Recorded information>
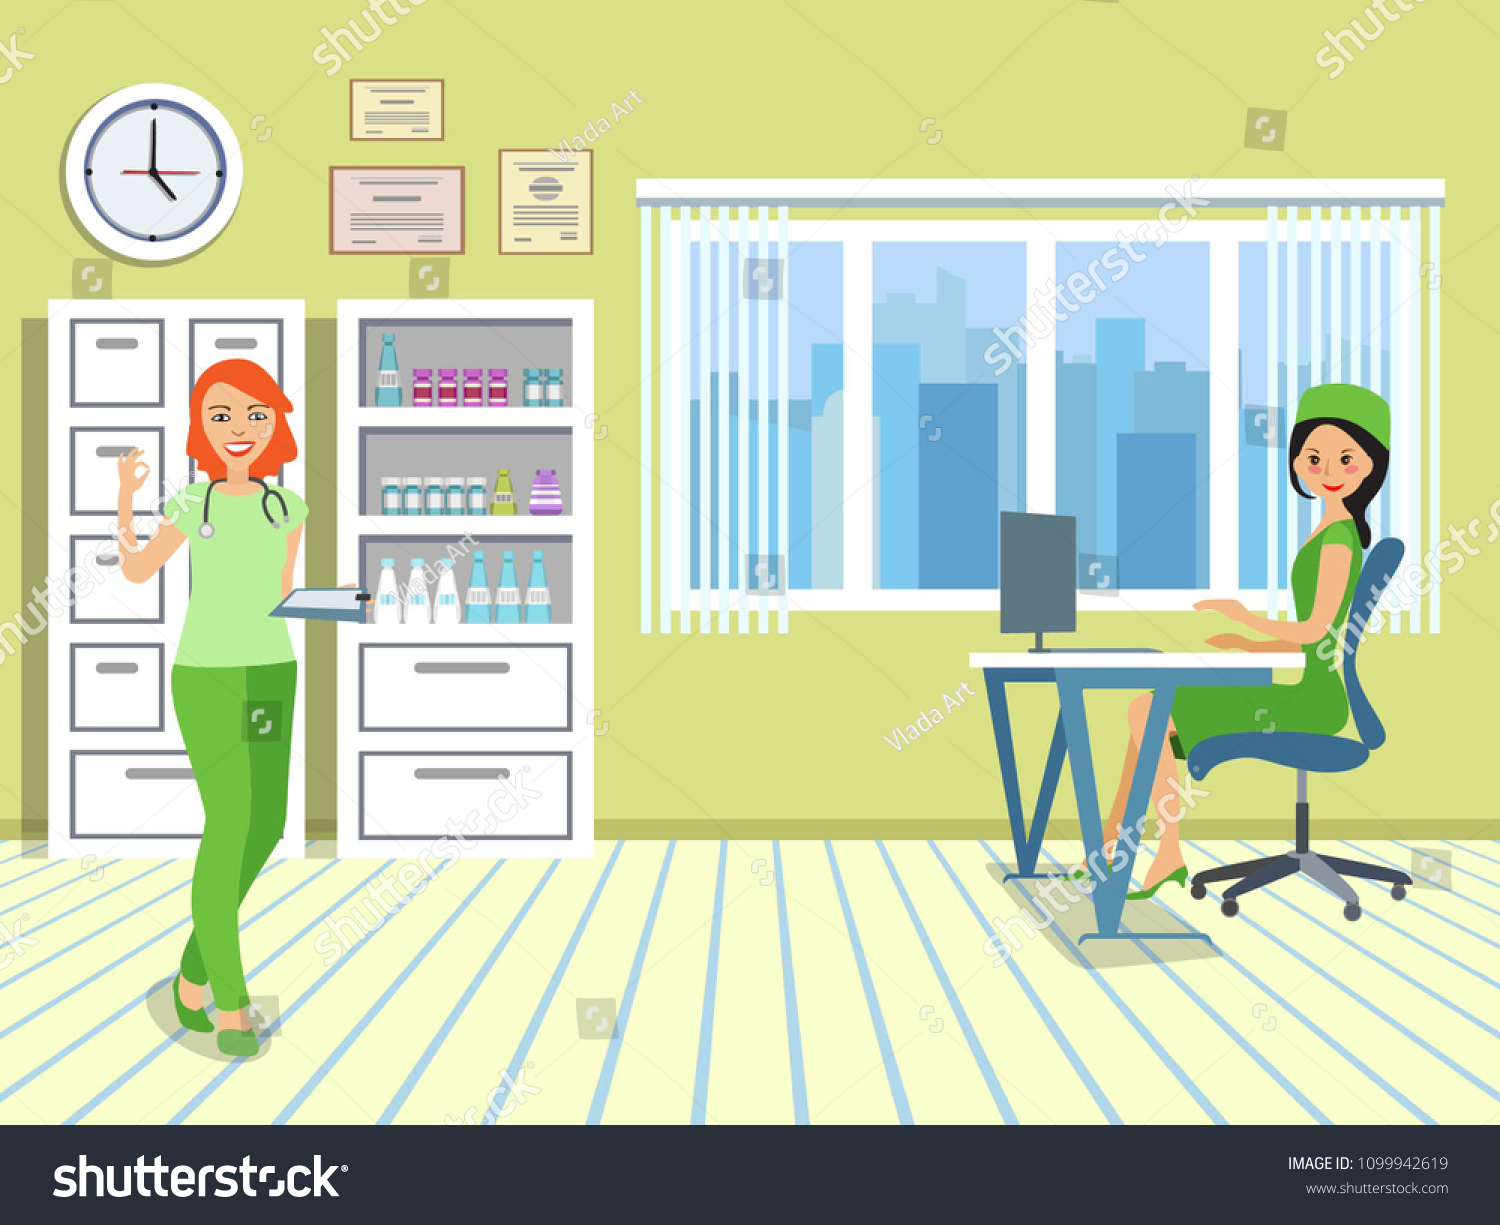 Doctor Medical Office Window Jalousie Cabinets Stock Vector
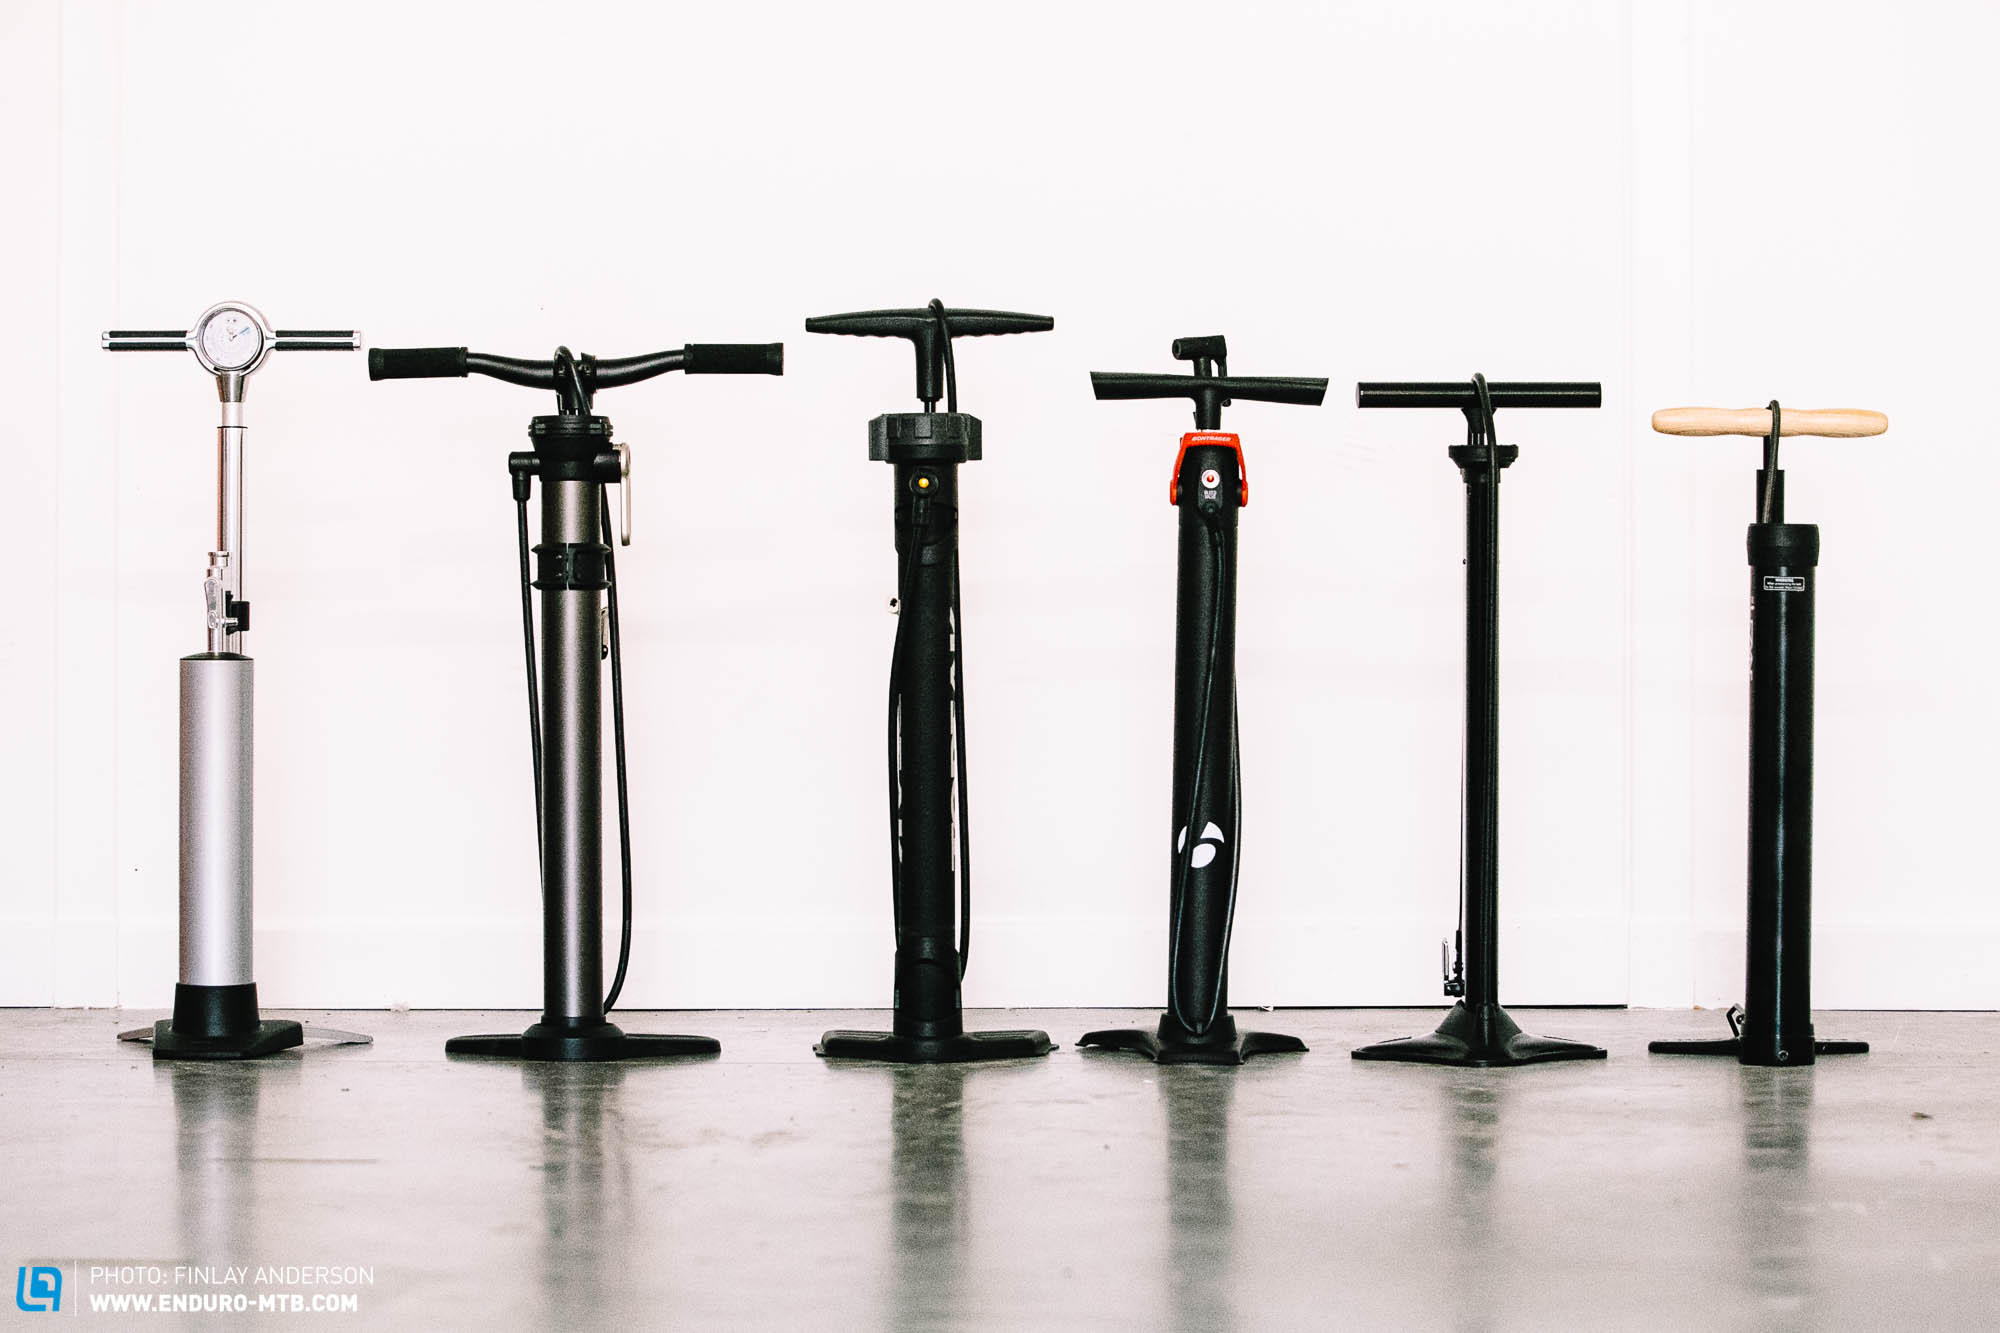 The Best Bike Pumps for Every Type of Rider
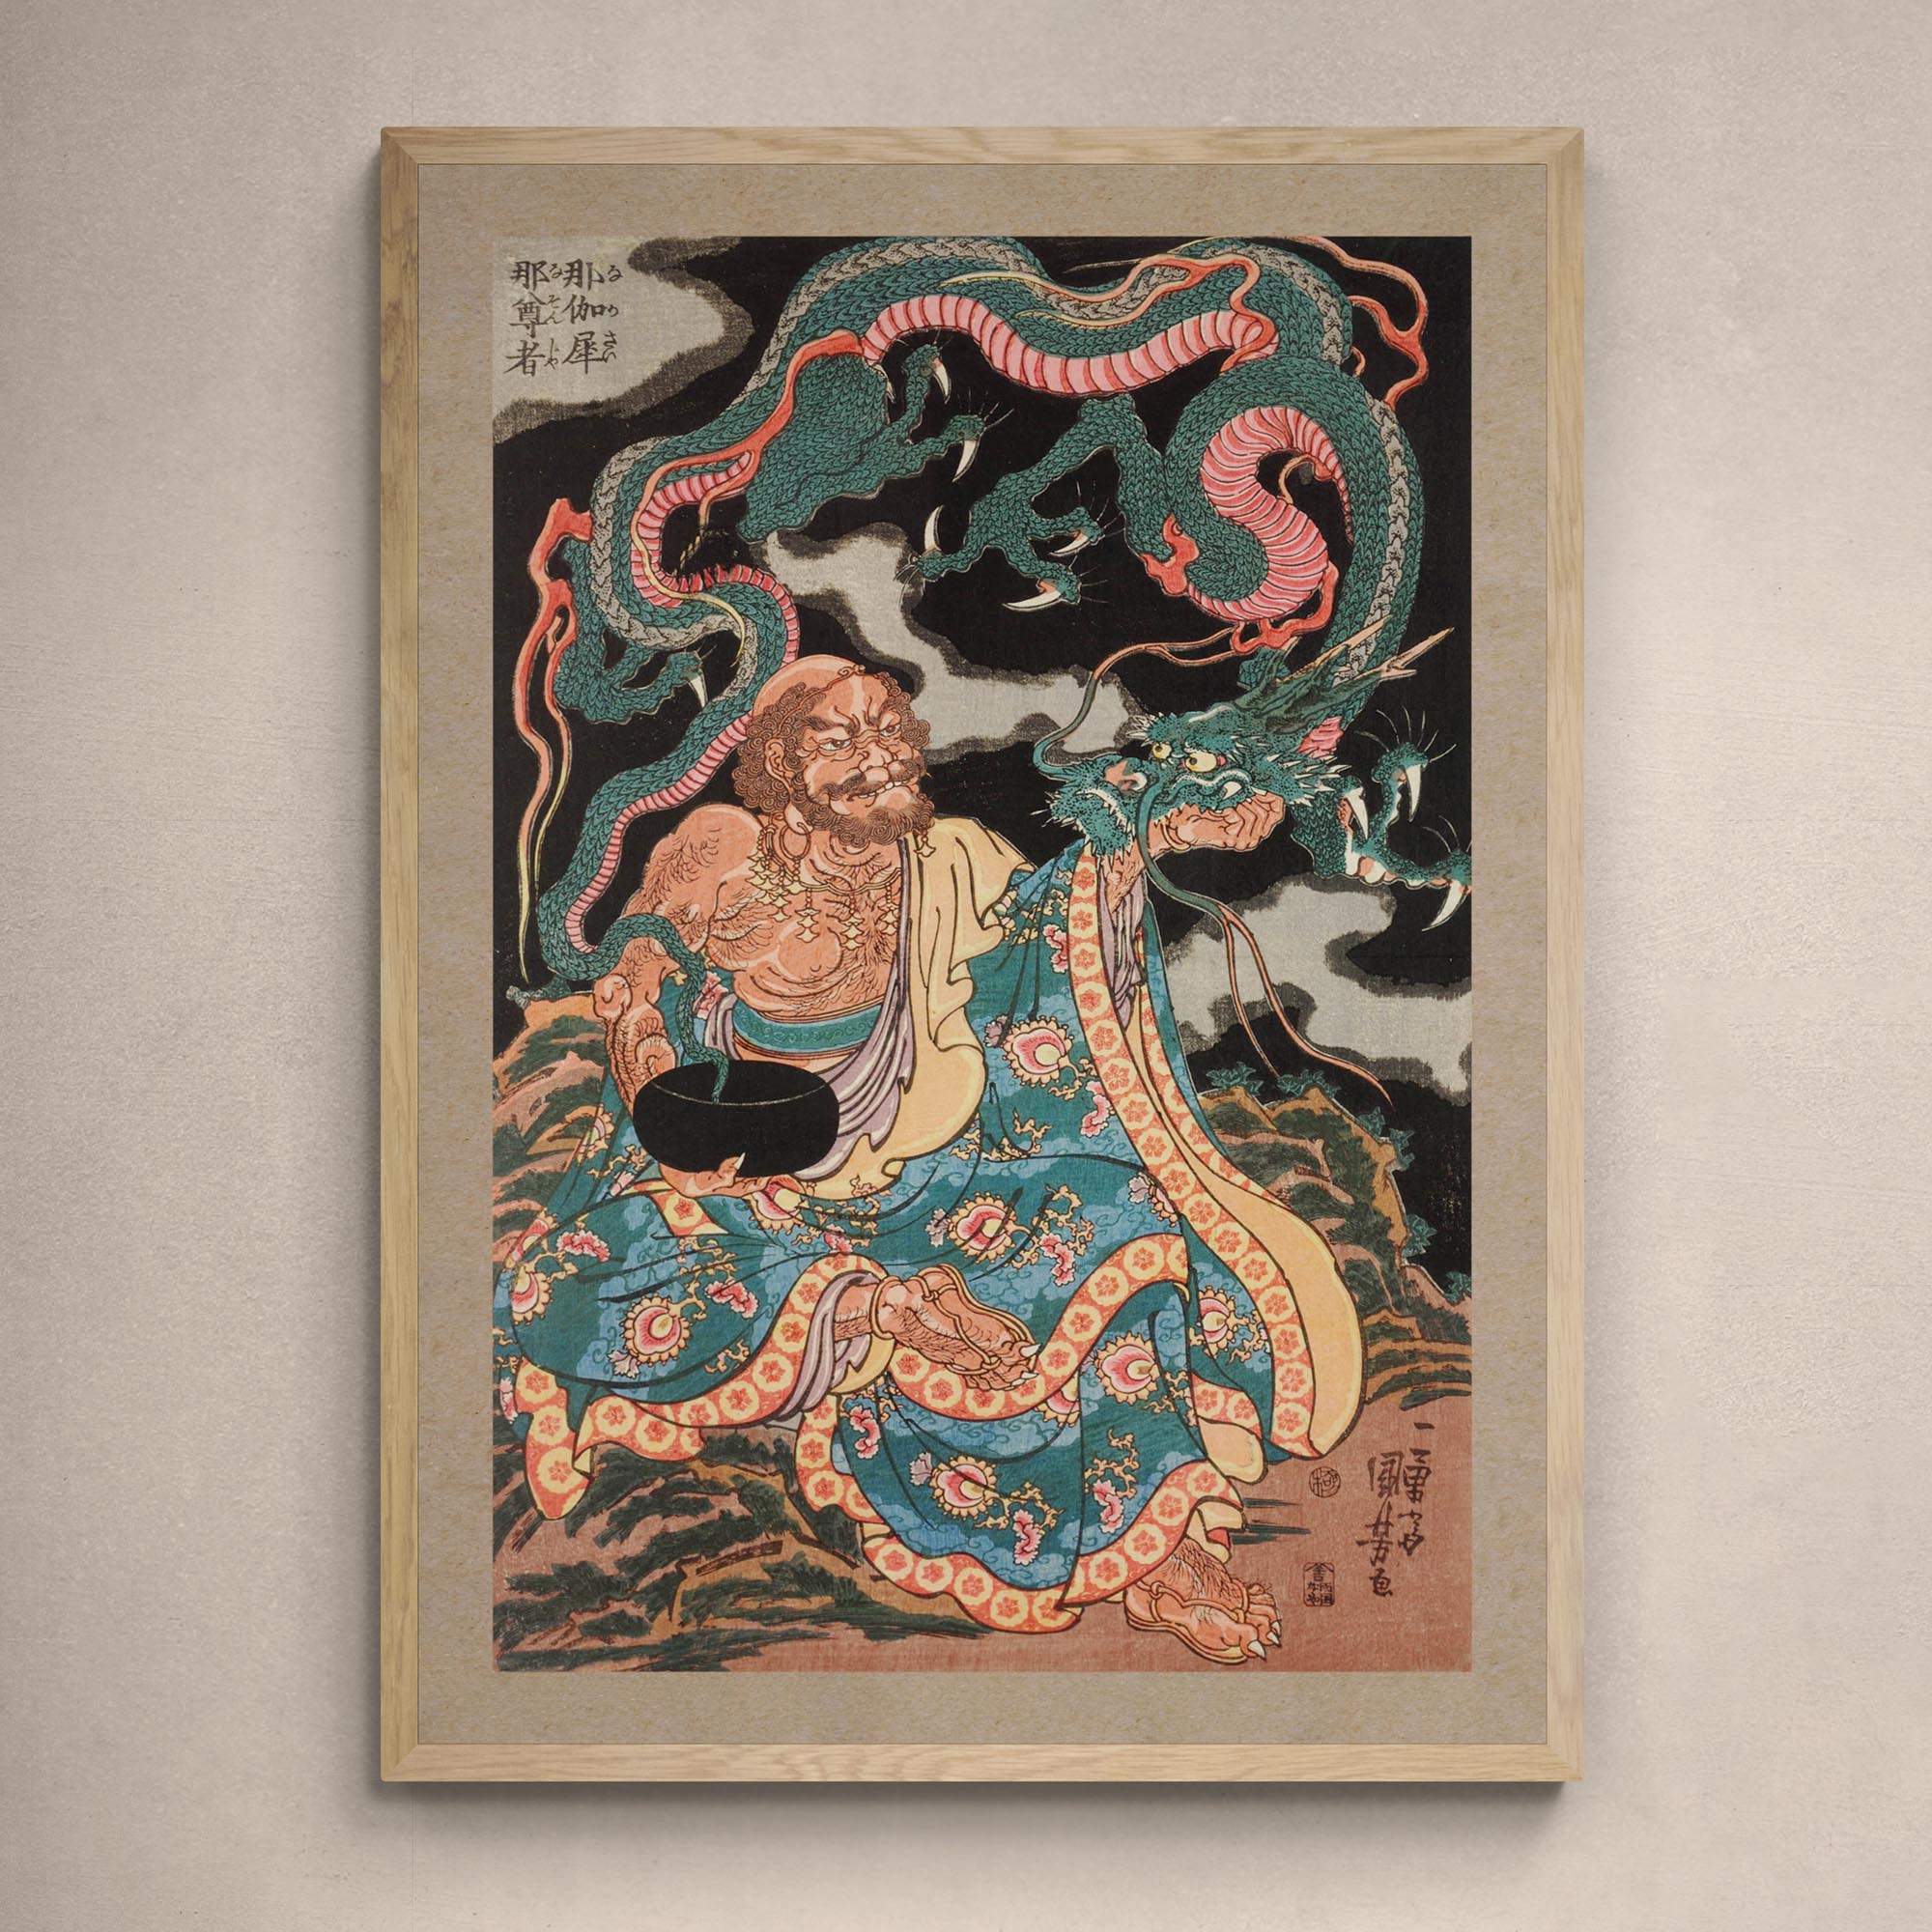 Framed Print 6"x8" / Natural Frame The Arhat Nakasaina Sonja Seated On a Rock, with a Dragon Emerging From His Bowl, Vintage Buddhist Japanese Framed Art Print

What to work on> All that's required is the material above repeated exactly, minus any picture.

Answer section>
 Doctor Medical Office Window Jalousie Cabinets Stock Vector
 The Best Bike Pumps for Every Type of Rider
 Framed Print 6"x8" / Natural Frame The Arhat Nakasaina Sonja Seated On a Rock, with a Dragon Emerging From His Bowl, Vintage Buddhist Japanese Framed Art Print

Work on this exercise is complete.